* Requirement
Reproduce the data in its entirety, exactly as written.

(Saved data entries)
################

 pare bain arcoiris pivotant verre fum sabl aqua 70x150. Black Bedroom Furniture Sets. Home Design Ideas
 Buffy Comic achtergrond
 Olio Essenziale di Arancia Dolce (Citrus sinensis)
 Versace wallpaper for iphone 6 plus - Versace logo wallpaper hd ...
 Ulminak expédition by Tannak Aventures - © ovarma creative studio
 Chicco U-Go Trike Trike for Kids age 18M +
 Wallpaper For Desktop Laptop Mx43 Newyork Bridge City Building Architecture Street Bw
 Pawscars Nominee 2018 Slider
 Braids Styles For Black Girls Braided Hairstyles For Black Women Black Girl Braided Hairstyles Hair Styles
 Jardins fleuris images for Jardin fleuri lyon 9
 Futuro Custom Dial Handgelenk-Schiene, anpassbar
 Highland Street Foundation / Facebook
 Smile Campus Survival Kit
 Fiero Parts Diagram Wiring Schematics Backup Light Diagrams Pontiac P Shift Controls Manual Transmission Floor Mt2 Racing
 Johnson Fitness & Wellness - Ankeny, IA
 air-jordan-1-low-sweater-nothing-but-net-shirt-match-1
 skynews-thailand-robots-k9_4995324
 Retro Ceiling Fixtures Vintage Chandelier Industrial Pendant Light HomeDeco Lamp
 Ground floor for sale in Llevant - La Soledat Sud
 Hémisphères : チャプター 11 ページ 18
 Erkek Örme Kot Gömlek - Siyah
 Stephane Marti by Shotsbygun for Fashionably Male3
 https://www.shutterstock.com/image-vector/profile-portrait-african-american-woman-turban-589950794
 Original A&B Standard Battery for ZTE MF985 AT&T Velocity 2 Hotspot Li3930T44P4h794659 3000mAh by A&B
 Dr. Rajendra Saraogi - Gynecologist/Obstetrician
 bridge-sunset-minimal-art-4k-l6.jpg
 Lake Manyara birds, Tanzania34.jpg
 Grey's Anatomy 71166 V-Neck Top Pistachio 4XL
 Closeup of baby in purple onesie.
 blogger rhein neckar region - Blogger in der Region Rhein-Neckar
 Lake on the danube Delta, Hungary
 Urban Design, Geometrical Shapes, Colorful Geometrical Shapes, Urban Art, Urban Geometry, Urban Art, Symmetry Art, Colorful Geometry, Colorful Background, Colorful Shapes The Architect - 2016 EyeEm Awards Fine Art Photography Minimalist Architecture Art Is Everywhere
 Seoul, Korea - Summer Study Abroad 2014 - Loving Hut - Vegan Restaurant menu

################

* Answer for the task
 pare bain arcoiris pivotant verre fum sabl aqua 70x150. Black Bedroom Furniture Sets. Home Design Ideas
 Buffy Comic achtergrond
 Olio Essenziale di Arancia Dolce (Citrus sinensis)
 Versace wallpaper for iphone 6 plus - Versace logo wallpaper hd ...
 Ulminak expédition by Tannak Aventures - © ovarma creative studio
 Chicco U-Go Trike Trike for Kids age 18M +
 Wallpaper For Desktop Laptop Mx43 Newyork Bridge City Building Architecture Street Bw
 Pawscars Nominee 2018 Slider
 Braids Styles For Black Girls Braided Hairstyles For Black Women Black Girl Braided Hairstyles Hair Styles
 Jardins fleuris images for Jardin fleuri lyon 9
 Futuro Custom Dial Handgelenk-Schiene, anpassbar
 Highland Street Foundation / Facebook
 Smile Campus Survival Kit
 Fiero Parts Diagram Wiring Schematics Backup Light Diagrams Pontiac P Shift Controls Manual Transmission Floor Mt2 Racing
 Johnson Fitness & Wellness - Ankeny, IA
 air-jordan-1-low-sweater-nothing-but-net-shirt-match-1
 skynews-thailand-robots-k9_4995324
 Retro Ceiling Fixtures Vintage Chandelier Industrial Pendant Light HomeDeco Lamp
 Ground floor for sale in Llevant - La Soledat Sud
 Hémisphères : チャプター 11 ページ 18
 Erkek Örme Kot Gömlek - Siyah
 Stephane Marti by Shotsbygun for Fashionably Male3
 https://www.shutterstock.com/image-vector/profile-portrait-african-american-woman-turban-589950794
 Original A&B Standard Battery for ZTE MF985 AT&T Velocity 2 Hotspot Li3930T44P4h794659 3000mAh by A&B
 Dr. Rajendra Saraogi - Gynecologist/Obstetrician
 bridge-sunset-minimal-art-4k-l6.jpg
 Lake Manyara birds, Tanzania34.jpg
 Grey's Anatomy 71166 V-Neck Top Pistachio 4XL
 Closeup of baby in purple onesie.
 blogger rhein neckar region - Blogger in der Region Rhein-Neckar
 Lake on the danube Delta, Hungary
 Urban Design, Geometrical Shapes, Colorful Geometrical Shapes, Urban Art, Urban Geometry, Urban Art, Symmetry Art, Colorful Geometry, Colorful Background, Colorful Shapes The Architect - 2016 EyeEm Awards Fine Art Photography Minimalist Architecture Art Is Everywhere
 Seoul, Korea - Summer Study Abroad 2014 - Loving Hut - Vegan Restaurant menu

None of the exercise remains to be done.